» **The problem**
The data below should be printed in full, exactly, and without any of its images.

» **Dataset content**
···

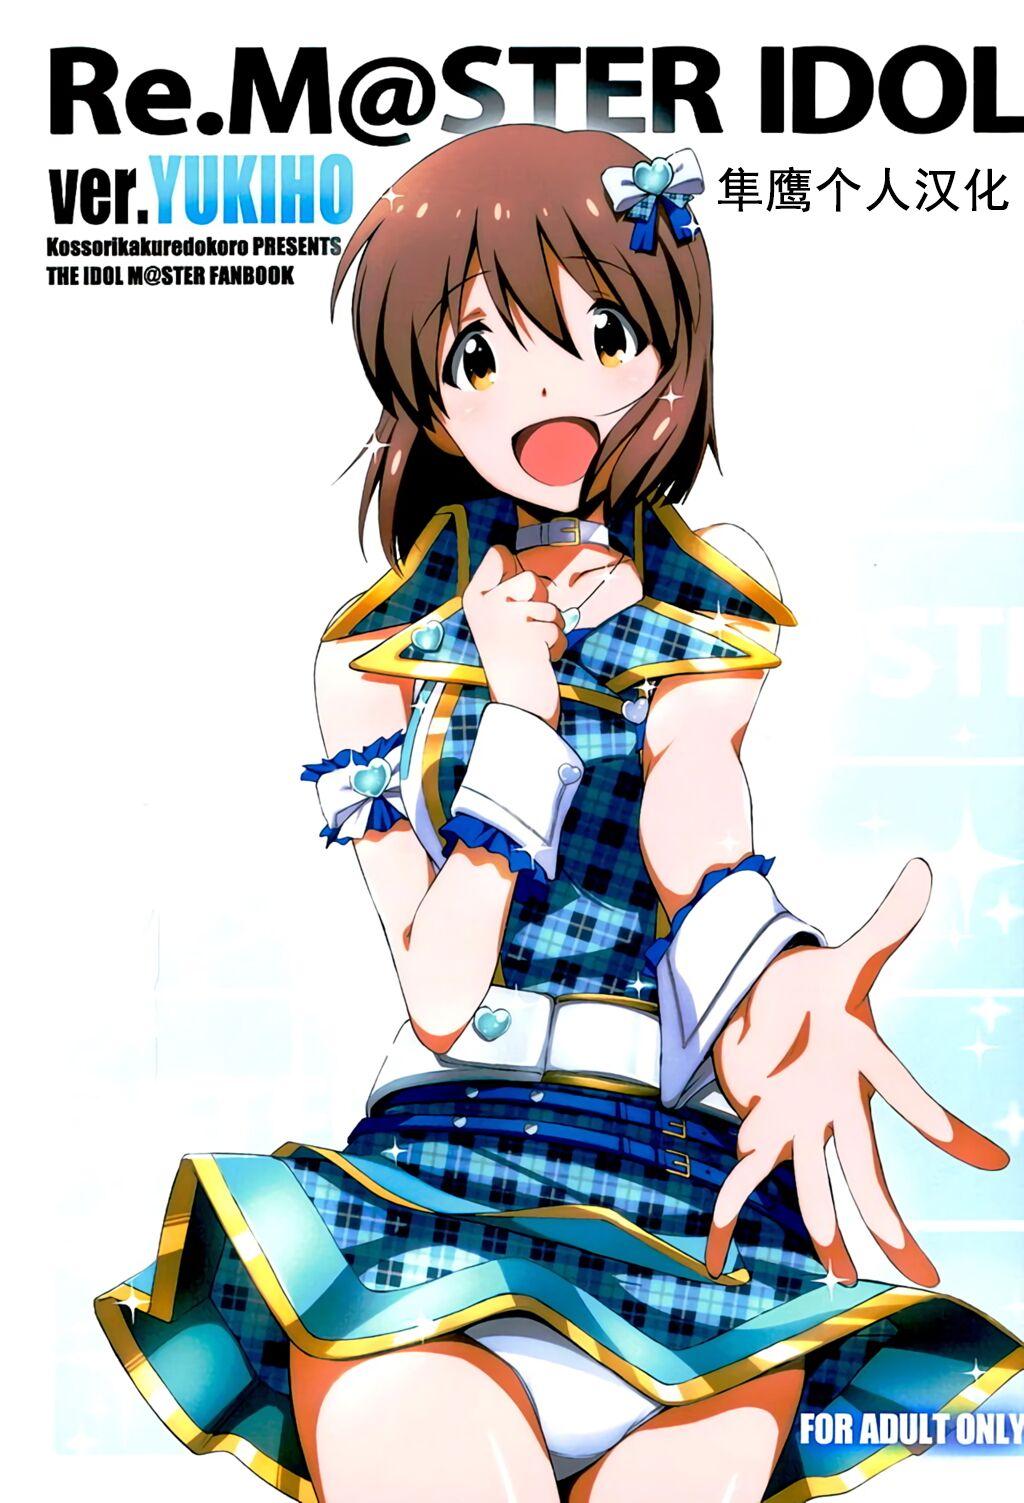 Price Re:M@STER IDOL ver.YUKIHO - The idolmaster From - Page 1
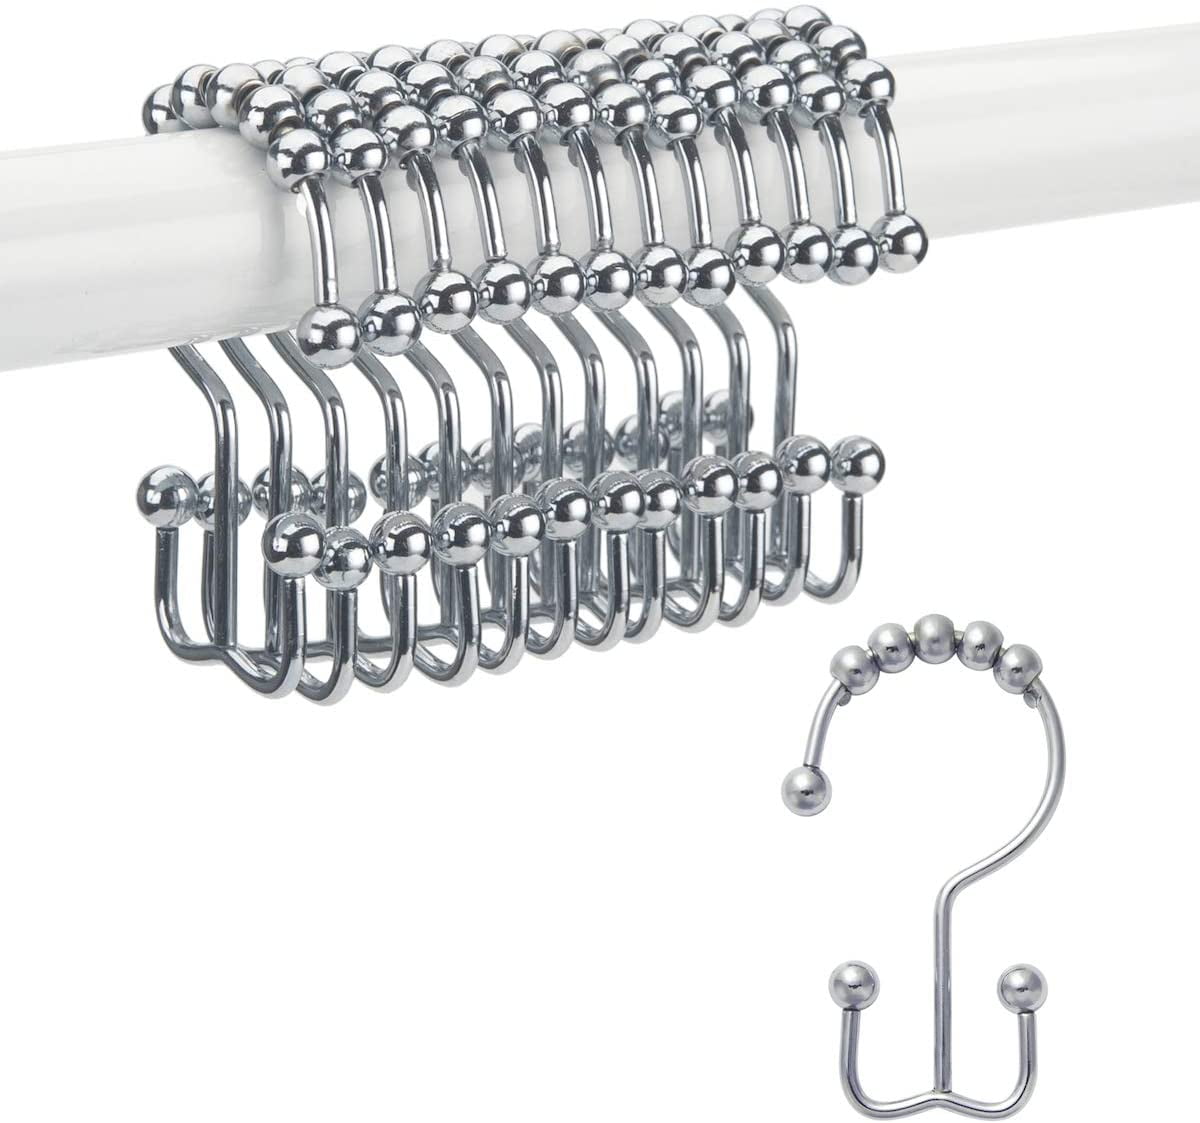 Woven Bathroom Shower Curtain Tension Rod and Hook Set w 12 hooks 44-72 inch 
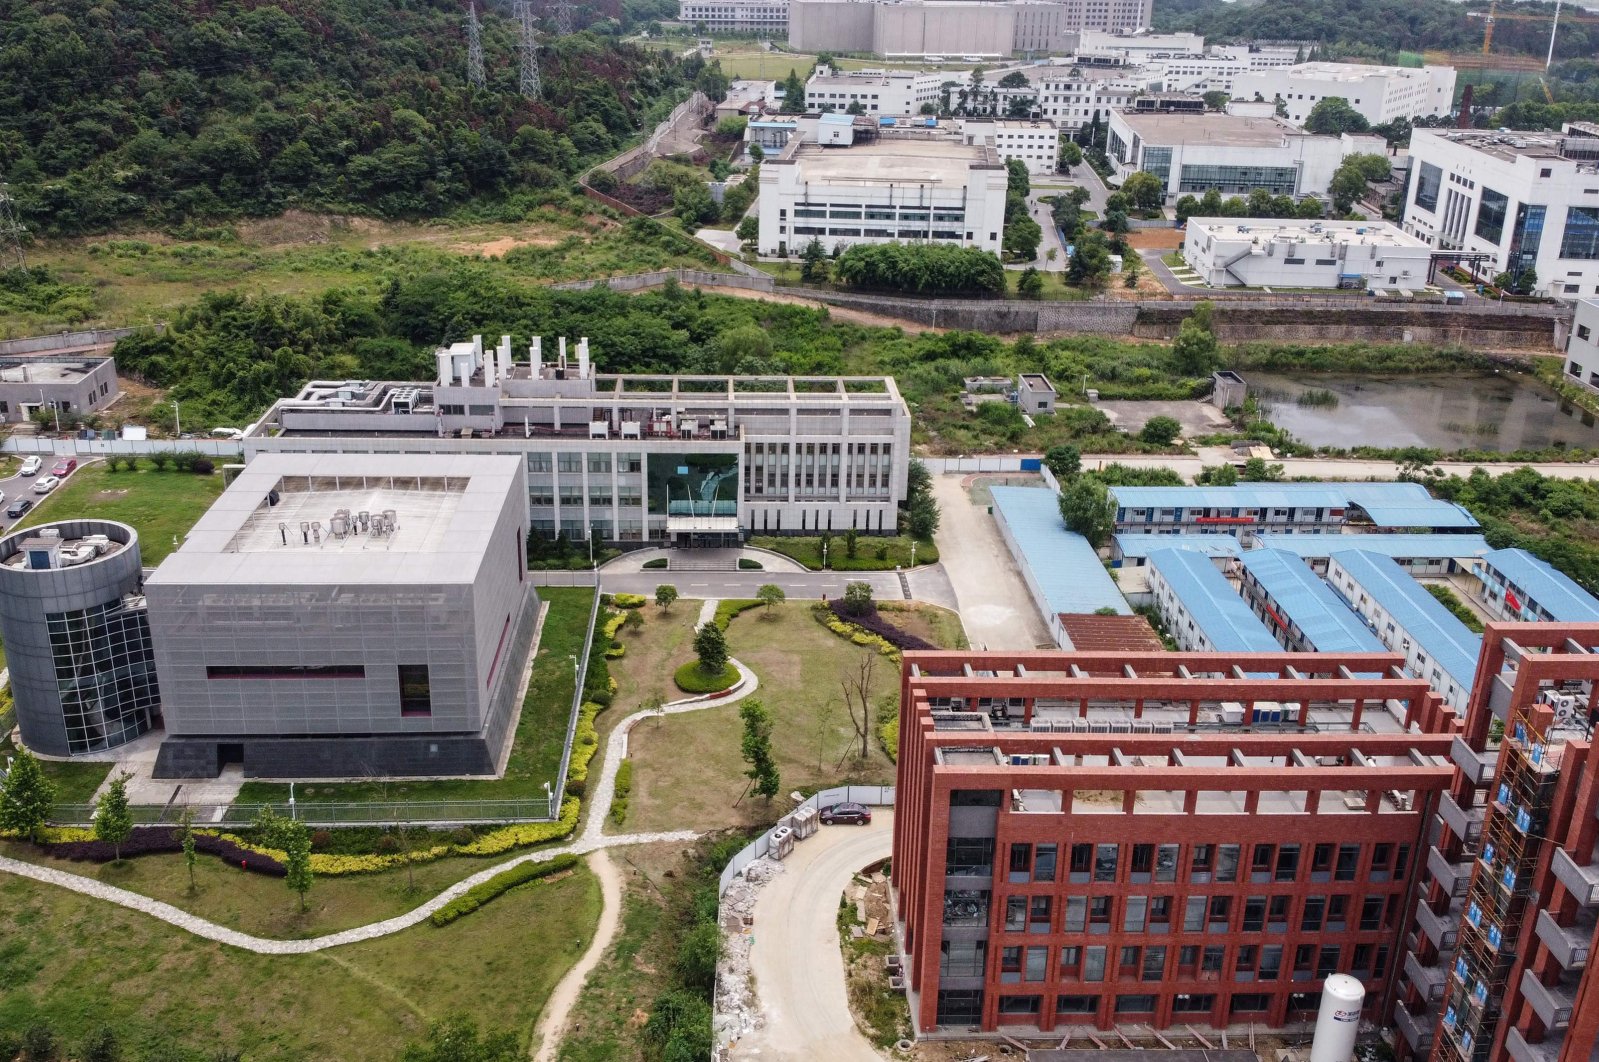 This aerial view shows the P4 laboratory (L) on the campus of the Wuhan Institute of Virology, Wuhan, central Hubei province, China, May 13, 2020. (AFP Photo)
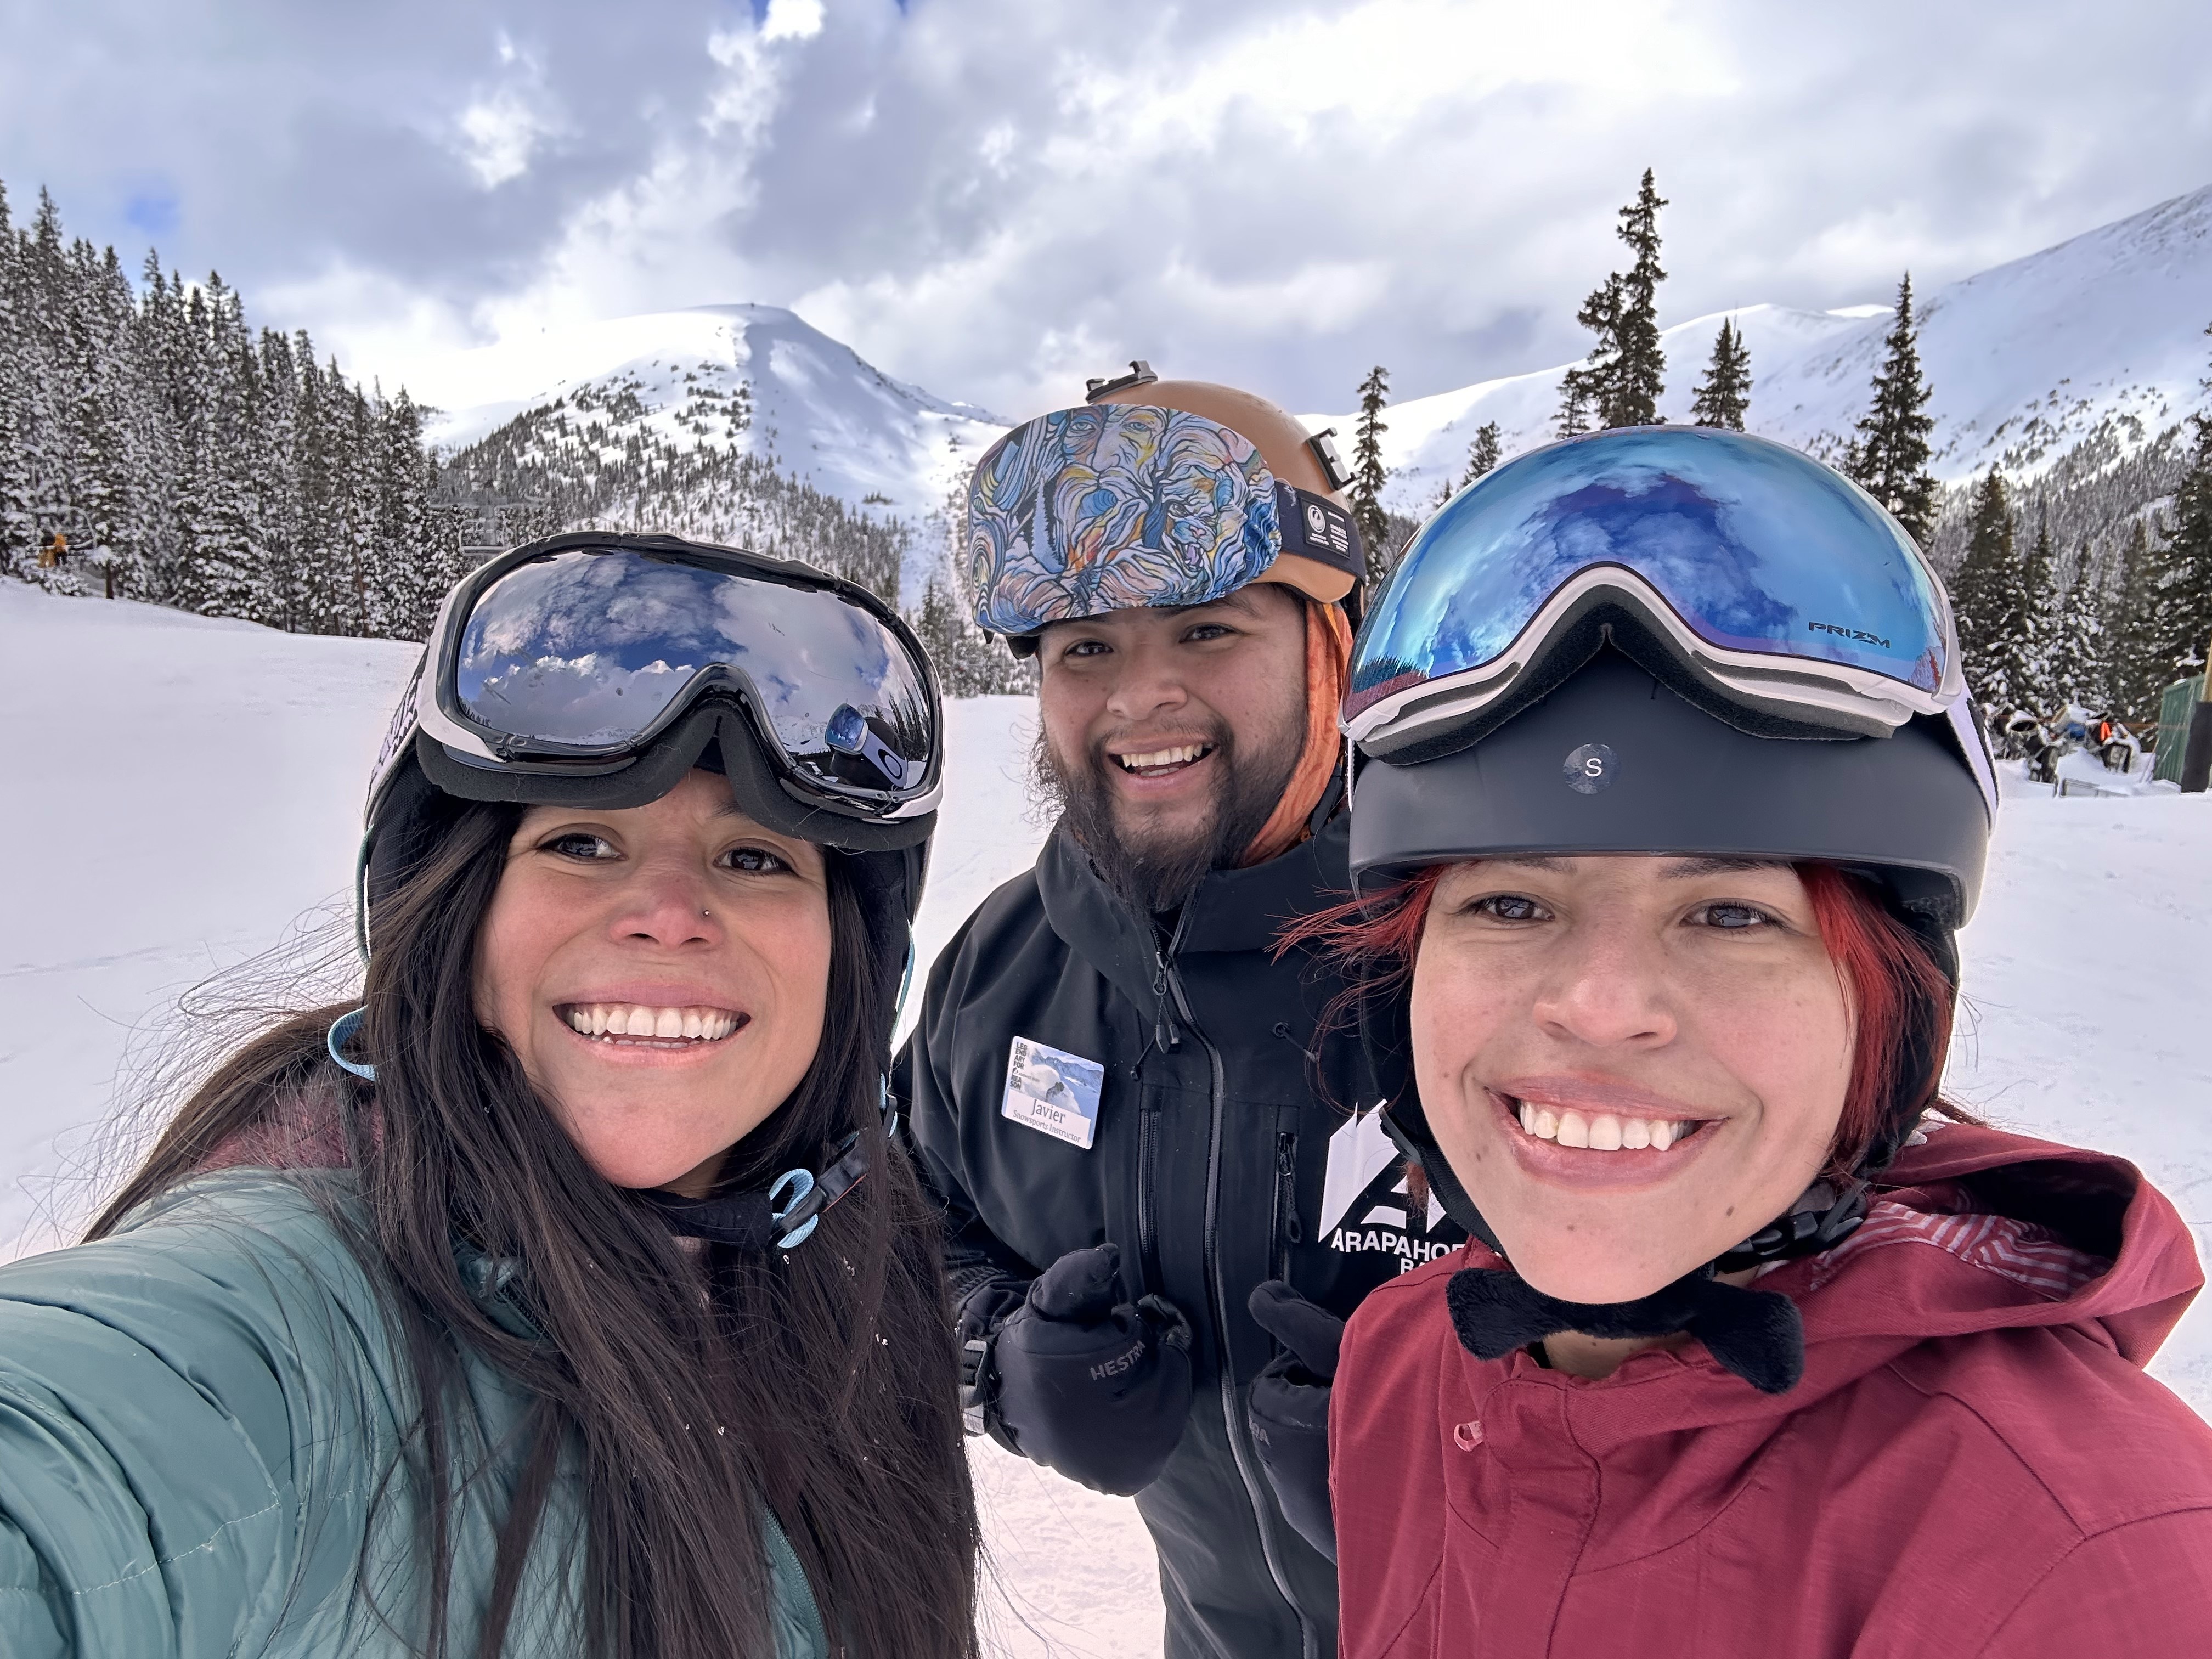 Three people wearing snow gear look into the camera and smile

···

» **Expected answer**
 Price Re:M@STER IDOL ver.YUKIHO - The idolmaster From - Page 1
 Woven Bathroom Shower Curtain Tension Rod and Hook Set w 12 hooks 44-72 inch 
 This aerial view shows the P4 laboratory (L) on the campus of the Wuhan Institute of Virology, Wuhan, central Hubei province, China, May 13, 2020. (AFP Photo)
 Three people wearing snow gear look into the camera and smile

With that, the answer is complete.